Prophylaxis against streptococcal infection includes the following:

  • Long-term antibiotic therapy to prevent streptococcal infection is indicated for patients with a history of acute rheumatic fever or rheumatic heart disease. The recommended regimen is an injection every 3-4 weeks with 1.2 million IU of benzathine penicillin G, 250 mg of oral penicillin V twice a day, or 0.5-1 g of sulfadiazine daily.
  • The role of prophylaxis for household contacts of individuals with either acute streptococcal disease or nonsuppurative complications is uncertain. Some authorities recommend that cultures be obtained from all contacts if a family history of rheumatic fever is noted or when a patient with acute glomerulonephritis is identified.
  • An alternative approach is to treat all household contacts in the setting of acute poststreptococcal glomerulonephritis (PSGN) in an effort to eradicate household transmission of nephritogenic strains. For invasive group A streptococcal infections (eg, necrotizing fasciitis, toxic shock syndrome [TSS]), no data are available on which to base assessment of risk to household contacts. However, because of the devastating nature of these infections and the observation that invasive disease may be due to clonal outbreaks of more virulent strains, empiric antibiotic therapy of household contacts seems warranted.

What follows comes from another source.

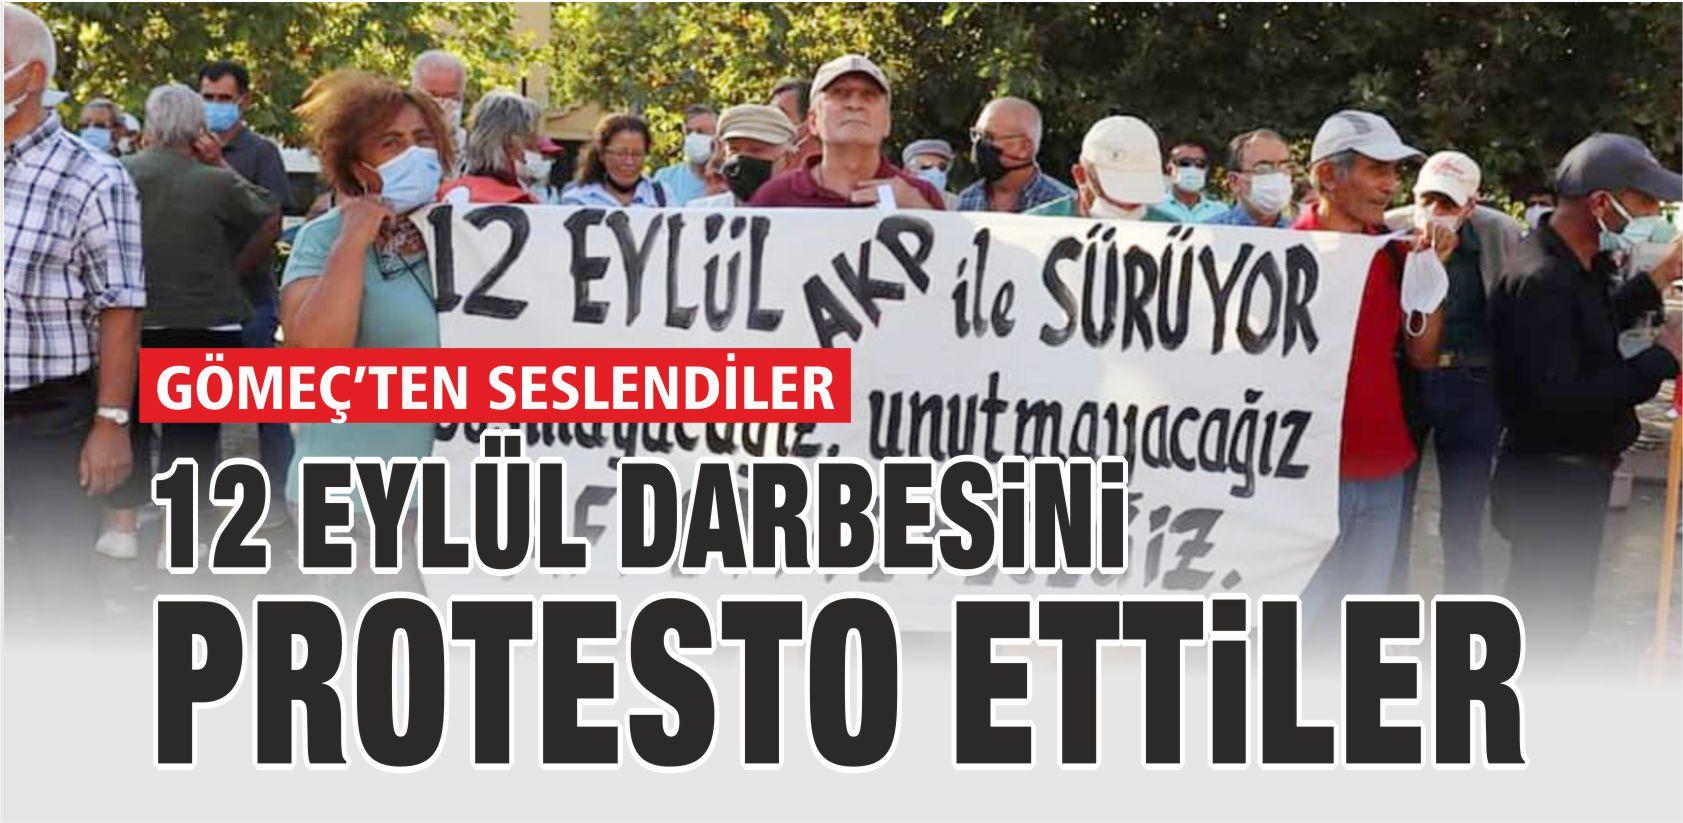 12 EYLÜL DARBESİNİ PROTESTO ETTİLER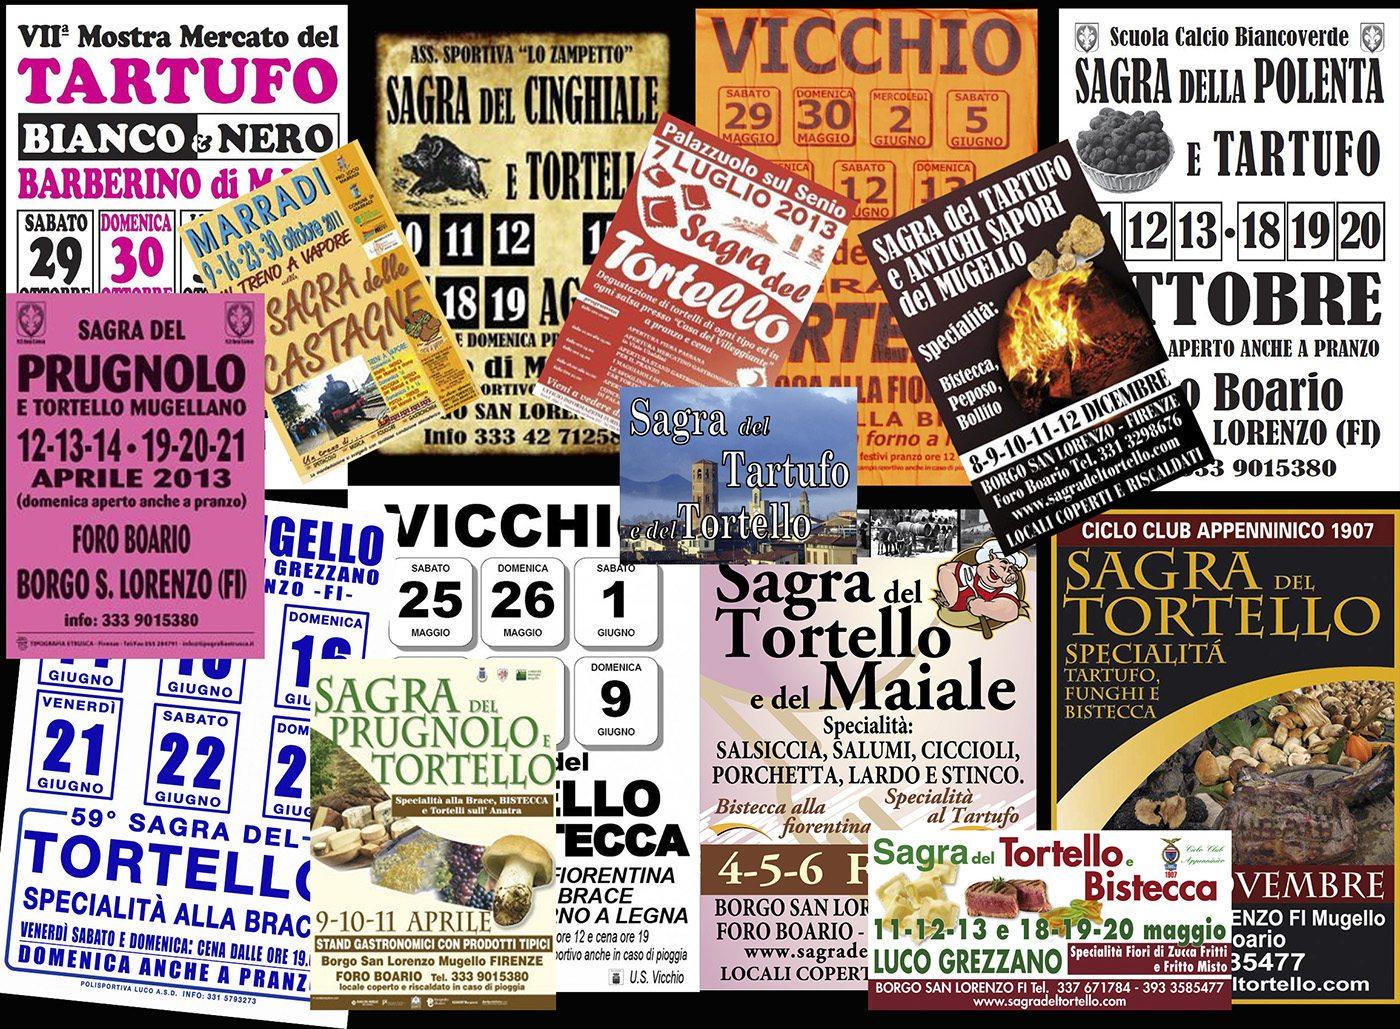 Calendario Sagre.Il Filo Del Mugello 169 Giorni Di Sagre A Borgo San

Prospects for streptococcal vaccines include the following:

  • Apart from rheumatic fever prophylaxis and the prevention of intrafamily spread, few strategies are available to prevent streptococcal infection.
  • A streptococcal vaccine could offer promise for prevention of disease, but an effective vaccine would have to provide protection from multiple serotypes. Furthermore, theoretical concern that vaccine-induced antibodies could injure host tissue and precipitate rheumatic fever is recognized.
  • Multivalent vaccines that contain multiple M protein peptide epitopes have been engineered and show efficacy in animal models but have not yet entered clinical trials.[12]
  • Several vaccine candidates against group A streptococcal infection are in varying stages of preclinical and clinical development.[13] However, the hope is that one of these vaccines will reach licensure within the next decade. Only the multivalent N-terminal vaccine has entered clinical trials over the last 30 years.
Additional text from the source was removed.